Brief: Nothing but an exact copy is asked for: the lines in the material below from the one with "Harbor Bay Men's" through the one with "how to find", pictures excluded.

Records provided:
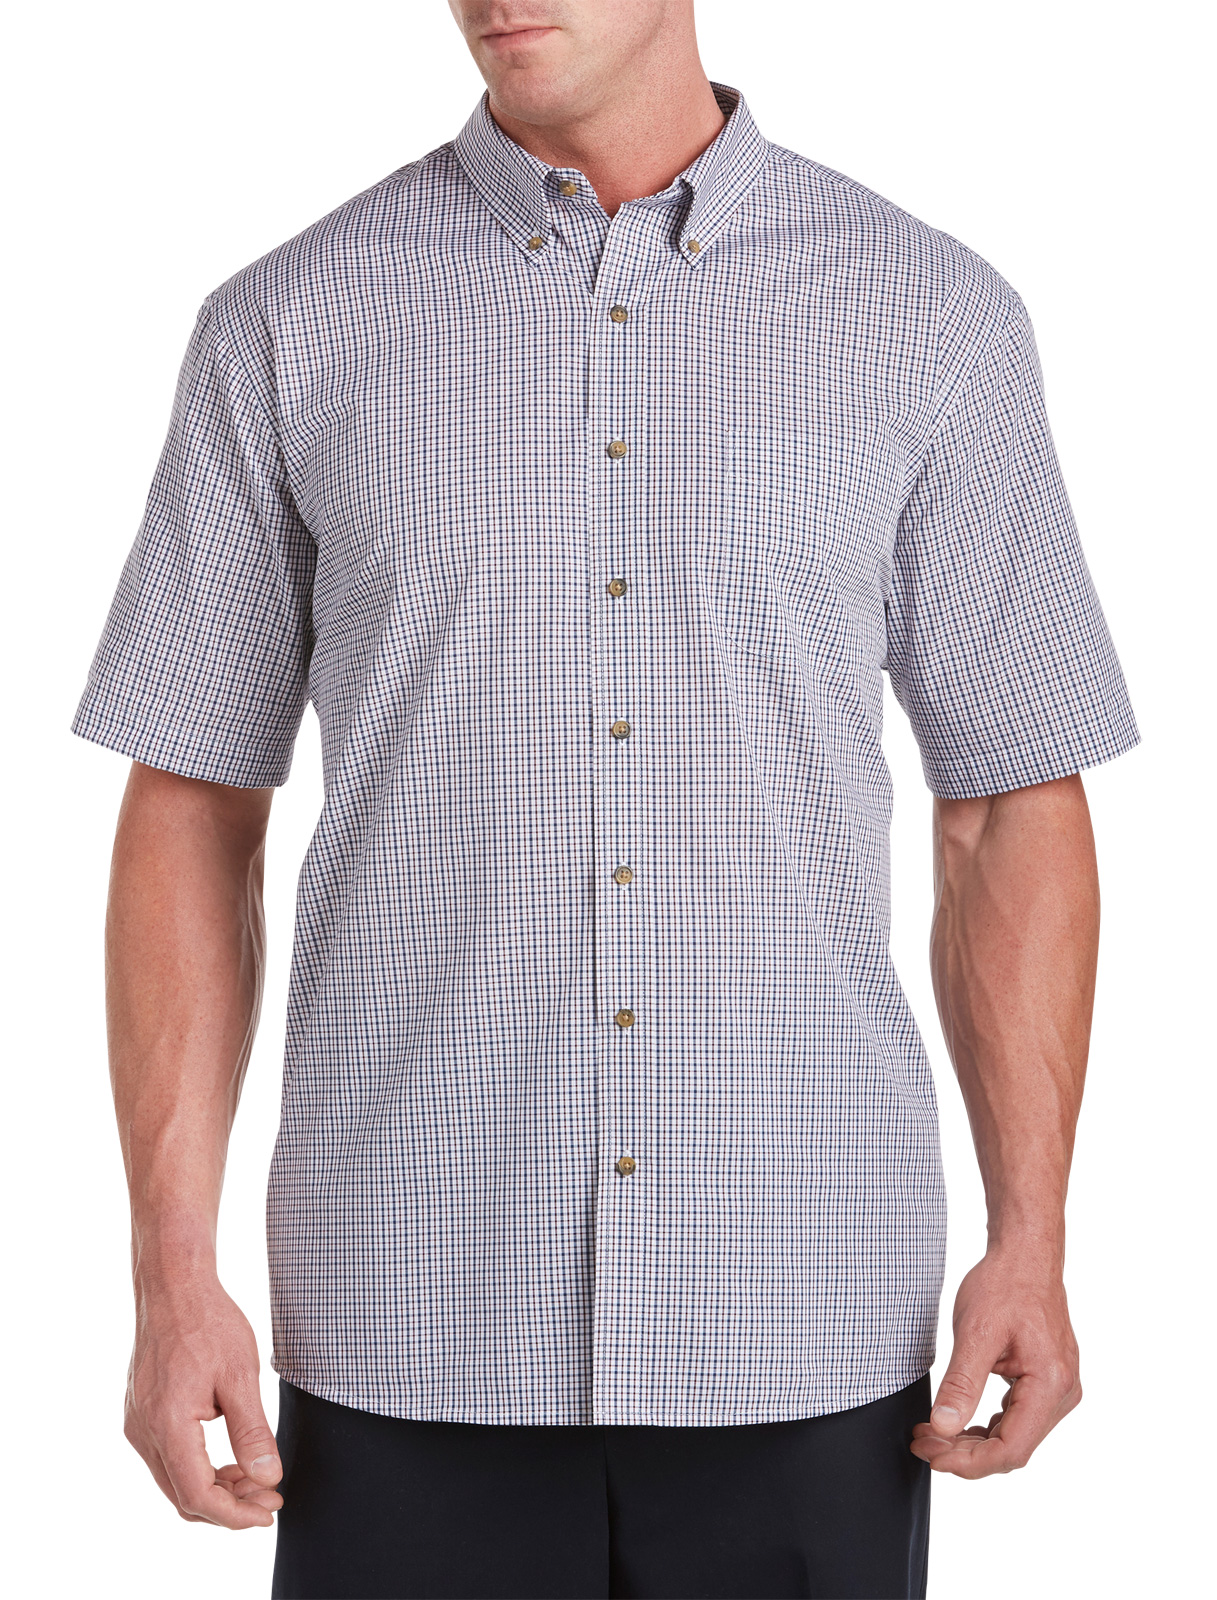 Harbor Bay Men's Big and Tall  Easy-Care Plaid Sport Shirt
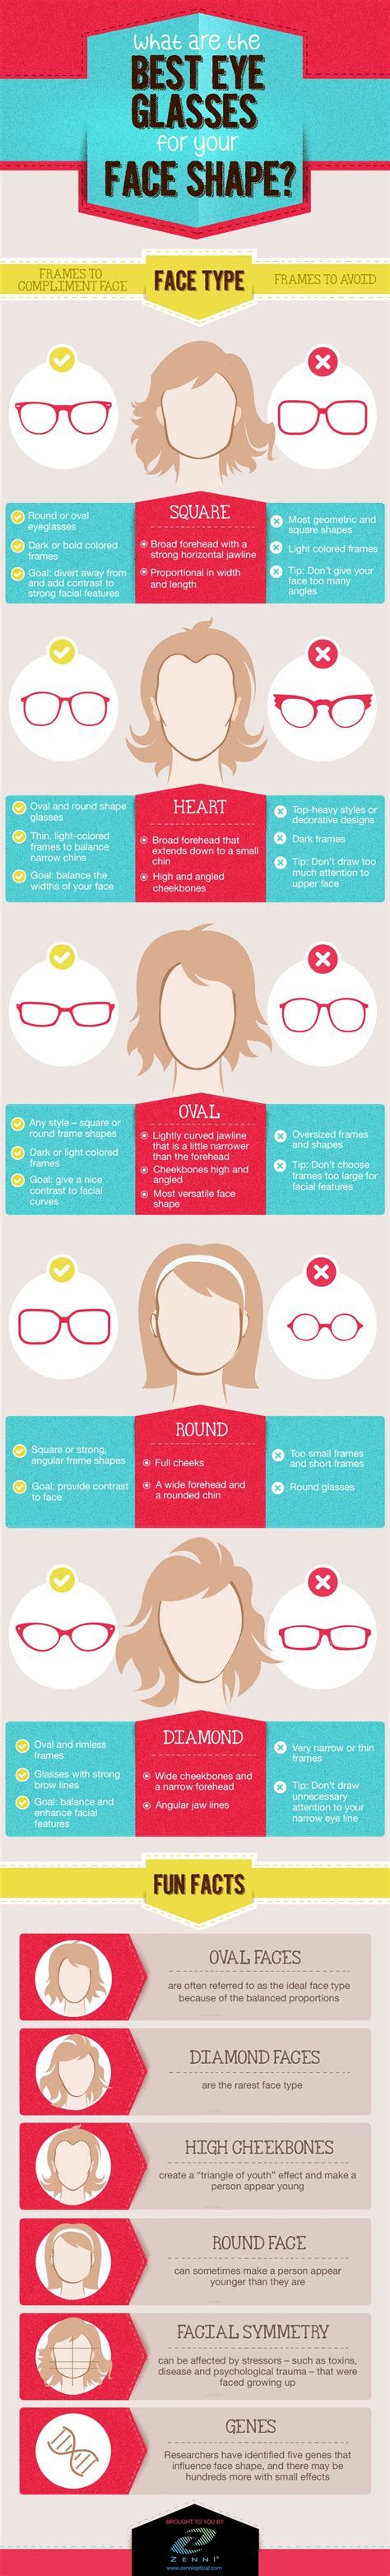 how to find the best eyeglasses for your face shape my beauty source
* * *
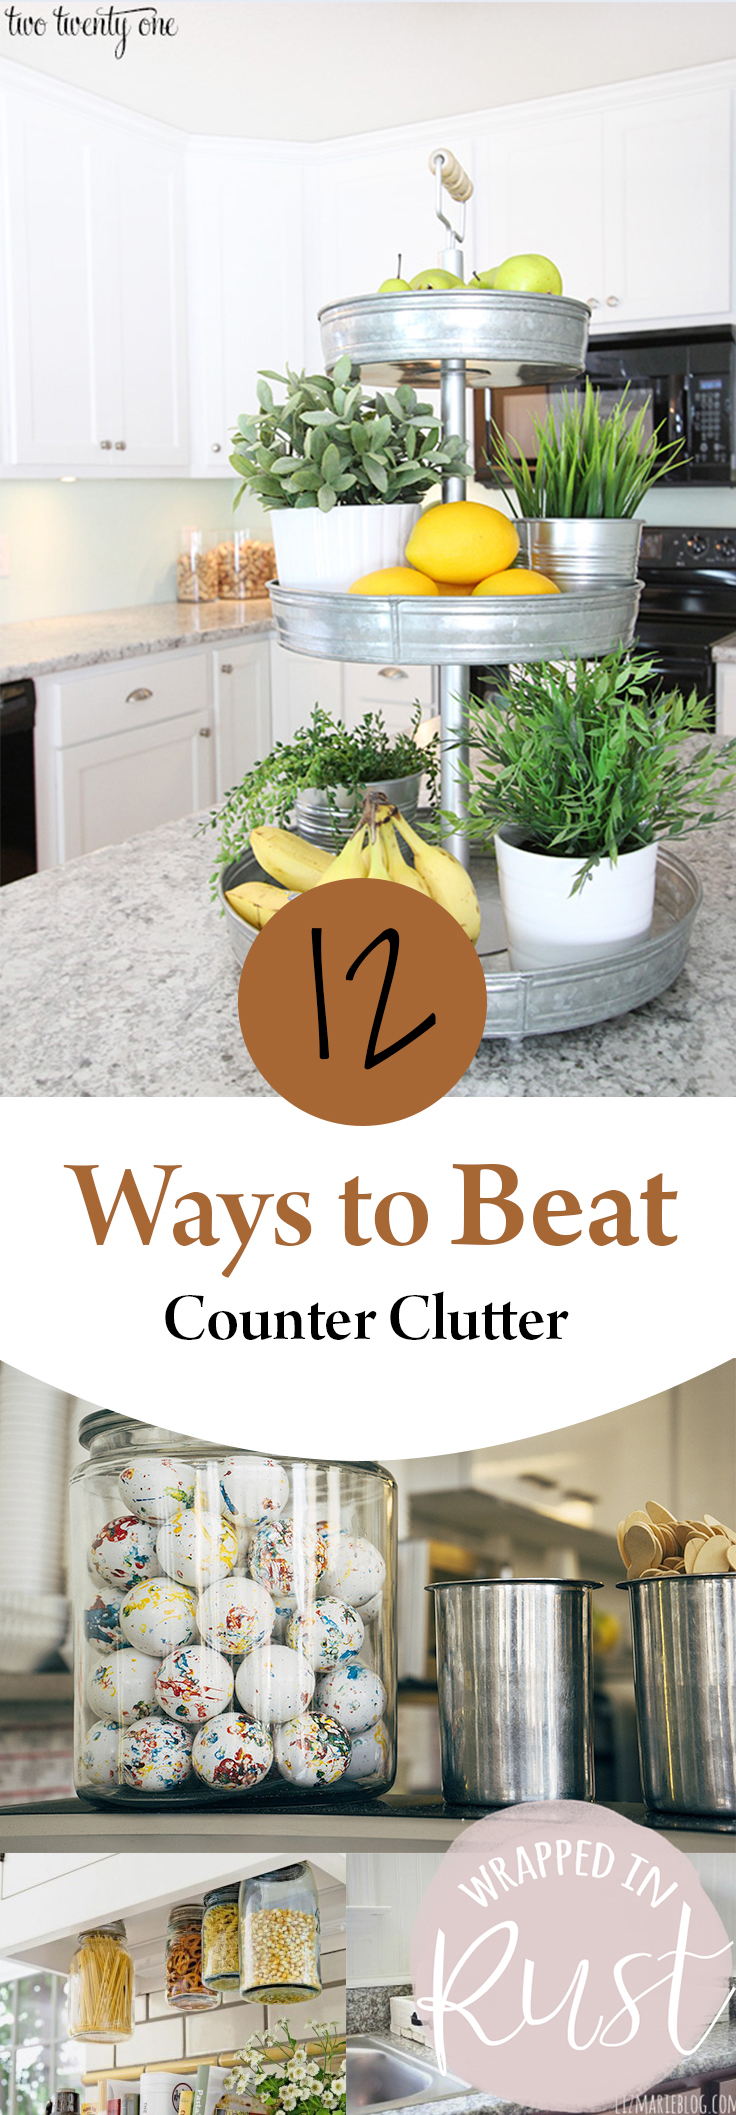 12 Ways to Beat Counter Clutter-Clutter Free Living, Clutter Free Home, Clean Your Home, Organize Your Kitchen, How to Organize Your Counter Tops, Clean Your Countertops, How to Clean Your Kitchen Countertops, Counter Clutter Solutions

Exercise answer:
 Harbor Bay Men's Big and Tall  Easy-Care Plaid Sport Shirt
 how to find the best eyeglasses for your face shape my beauty source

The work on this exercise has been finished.